Esplanade

Esplanade は知的障害および身体的障害をもった大人たちのグループホームである。年齢は30代から50代くらいである。ここは1979年に設立され、Jewish Board が運営している。入居者は10人、女性が4人、男性は6人である。まずそこは閑静な住宅街に位置し、実に大きな家であることに驚いた。いったいいくつ部屋があるのだろうかというほどの大きなお屋敷といってもよいほどだ。駐車場も完備され、多ければ10台ほど入るほどの大きさだ。外観はどこからみても普通のお屋敷。決してそこが特別な人たちを accommodate するグループホームには見えない。ここは歩ける人がほとんどなので、表にはスロープすらない。

 (Photo: Kimura)

さて、迎えてくれたのはEsplanade に勤めて33年というアンナさん。彼女はresidence manager というここの家の管理者だ。まず彼女が最初に強調したことはいかに入居者がなんでも自分でできるように促しているかということだった。自分でランチをパックできるように周りは整えられていた。自分で洗濯機に洋服を入れられるように使いやすさに工夫がしてある。入って右にはリビングルームがあった。そこには入居者の一人の人が付添い人といっしょに、グループホームがいくつか集まって行われる新年会のパーティーのビデオをなつかしく見ていた。彼はこのビデオを何度も見ては楽しんでいるそうだ。リビングルームには暖炉があり、ソファーもいくつかあってとても家庭的な雰囲気が伝わってくる。

次にダイニングルーム。古いながらもそれなりの機能は果たしているとアンナさんは語っていた。ここでは図画工作の作業も行われるとのことだった。そこからオフィスに通じていた。オフィスにも入居者の笑顔に満ちた写真がいっぱい飾られていた。そのオフィスだけは普通の家にはない空間であった。そしてその隣はキッチンである。キッチンは実に清潔に保たれ、からだの不自由な入居者でもアクセスできるように冷蔵庫の中は手の届く位置にものが据えられていた。それにしても大きな冷蔵庫には驚いた。

次に入居者のベッドルームを見せてもらった。それぞれの部屋が大きいのには驚く。カーテンとマッチした bed spread であった。壁の色ひとつとっても家族といっしょに相談して色を決めるそうだ。ほとんどの部屋にはprivate bathroom がついていた。おそらく昔の作りだからこのような贅沢ができるのだろう。女性の部屋はかわいらしいバラの模様がほどこされたり、壁の色も薄いピンクでとてもかわいらしかった。Closet の中も見せてもらったが、洋服の数に圧倒した。しかも、入居者はいつもパーティーに行くかと思うほどのきちんとした身なりをするようにスタッフは心がけているという。

(Photo : Kimura)

どの部屋にも家族と入居者の写真が飾られていて、部屋の外に名前はかかげられていなかった。入居者にとって家族は大変大切であり、また家族にとっても入居者はかけはなすことができない存在である。それをグループホームでは重点に置き、どんなときでも家族の意見を尊重している。

ここでは常に supervise されていて、夜間は必ず2人。そのうちの一人は寝てはいけないことになっている。さらに30分毎のチェックをするという。部屋は別々としても、男性と女性が同じ建物に入居していても特に sexual な問題はないという。廊下にはセンサーがついていて、入居者が廊下を通るとブザーがなるような仕組みになっている。このように入居者が勝手に外に出ないようにモニターしている。
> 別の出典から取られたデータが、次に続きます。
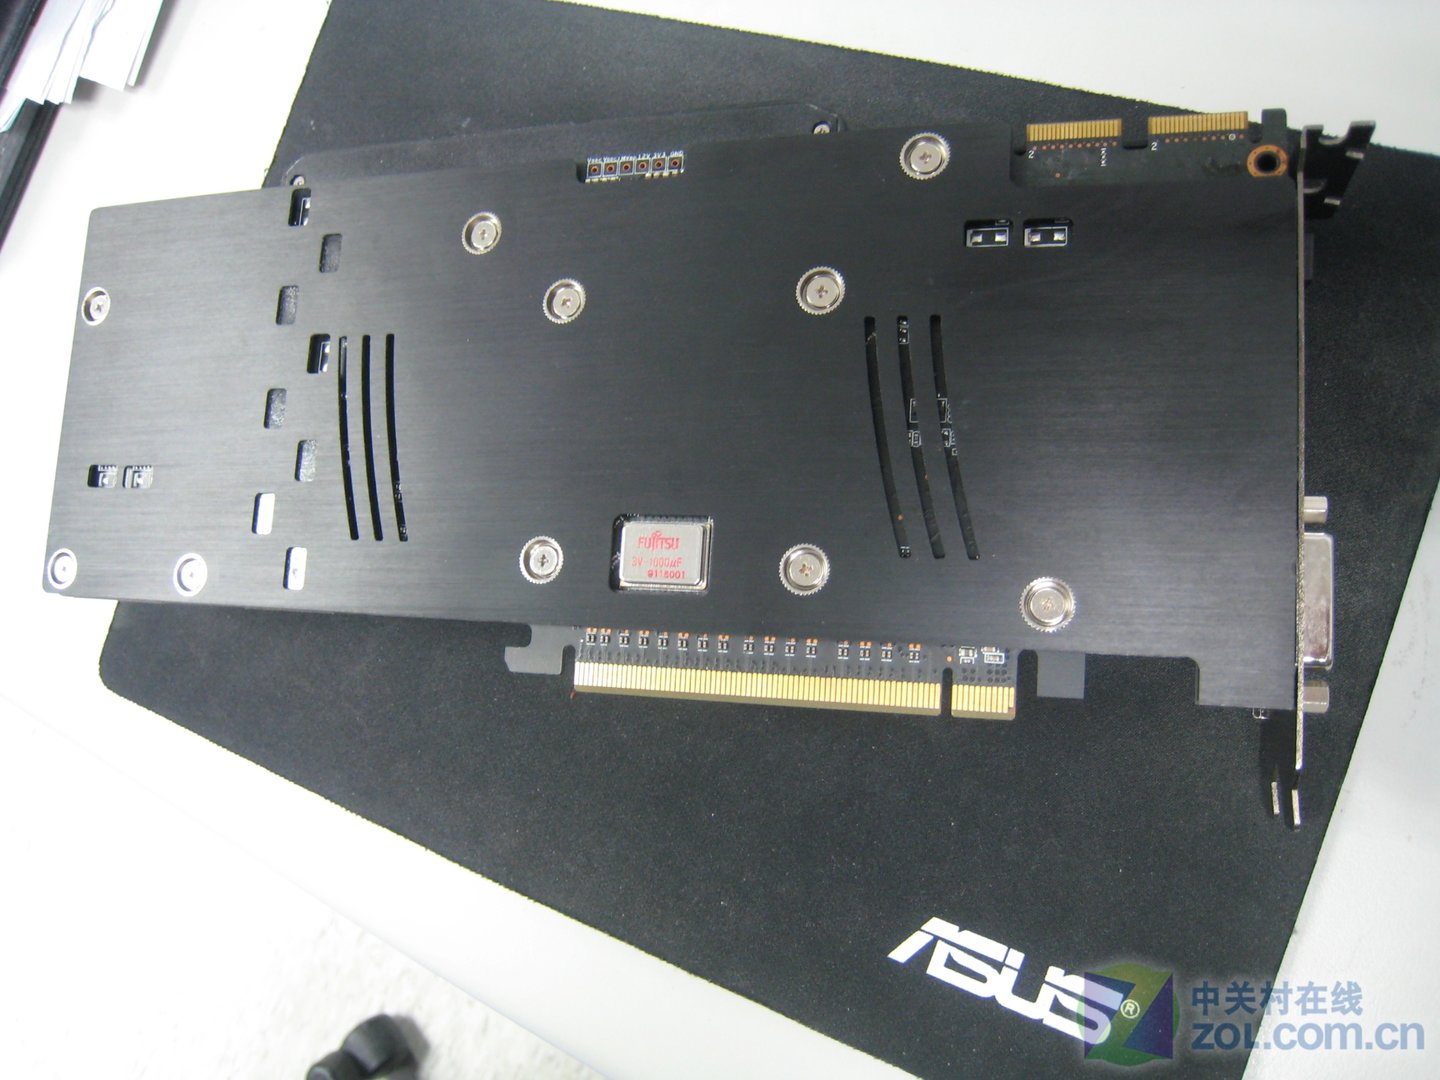 Asus ROG Radeon HD 5870 Matrix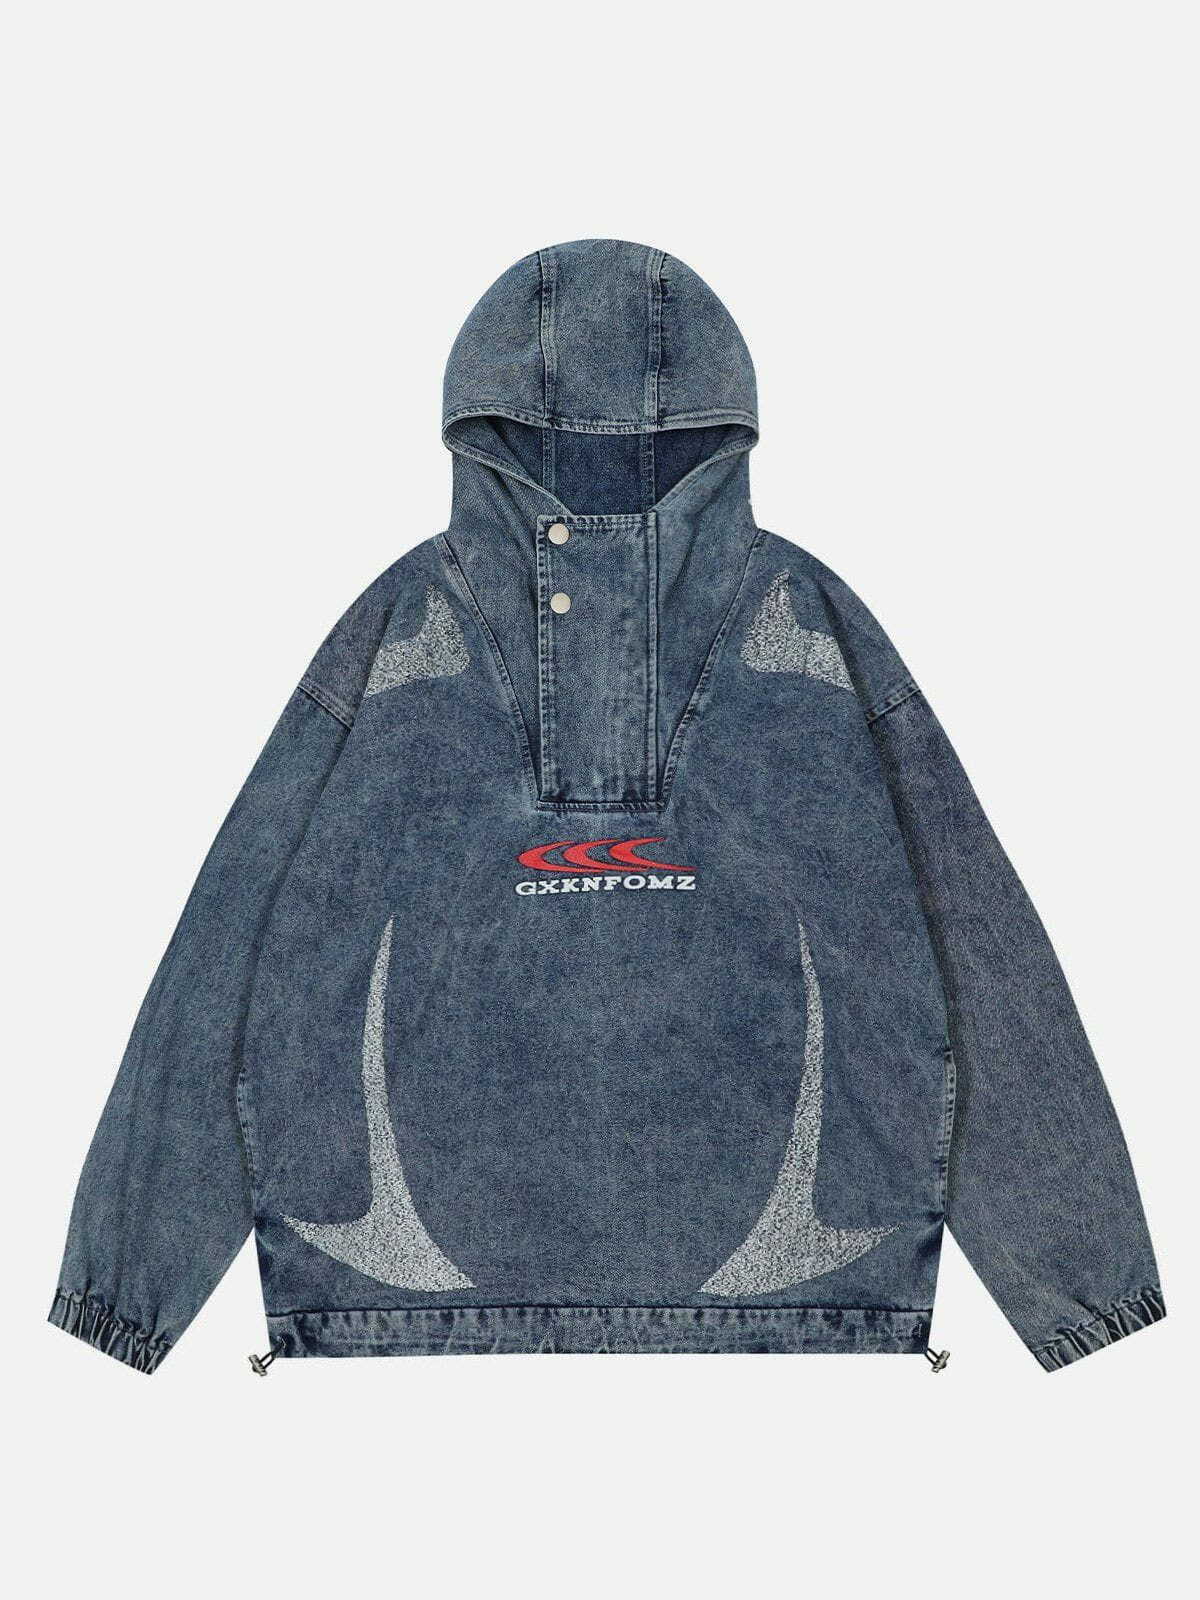 retro washed hoodie racing vibes urban chic 4944

このように完璧と思われるほどのケアだが、入居者はいっさいの自己負担はないのに驚く。 Esplanade の場合は建物が寄付されたということから一時は毎月1ドルの家賃だったそうだ。しかし、それではということで周りとのバランスを考えてまともな家賃を払うようになったのだが、それでも州の援助から支払われる。州といえば、定期的に州の監査が入って、細かいところまでチェックが入るそうだ。そのため1セントでも記録される。

入居者はだいたい同じような機能を備えた人たちが集められている。 彼らを世話するスタッフのことが気になるが、彼らは高校を卒業していれば働く資格がある。しかし、スクリーニングが厳しく、観察力が鋭い、献身的な人を選ぶそうだ。トレーニングは常に行われている。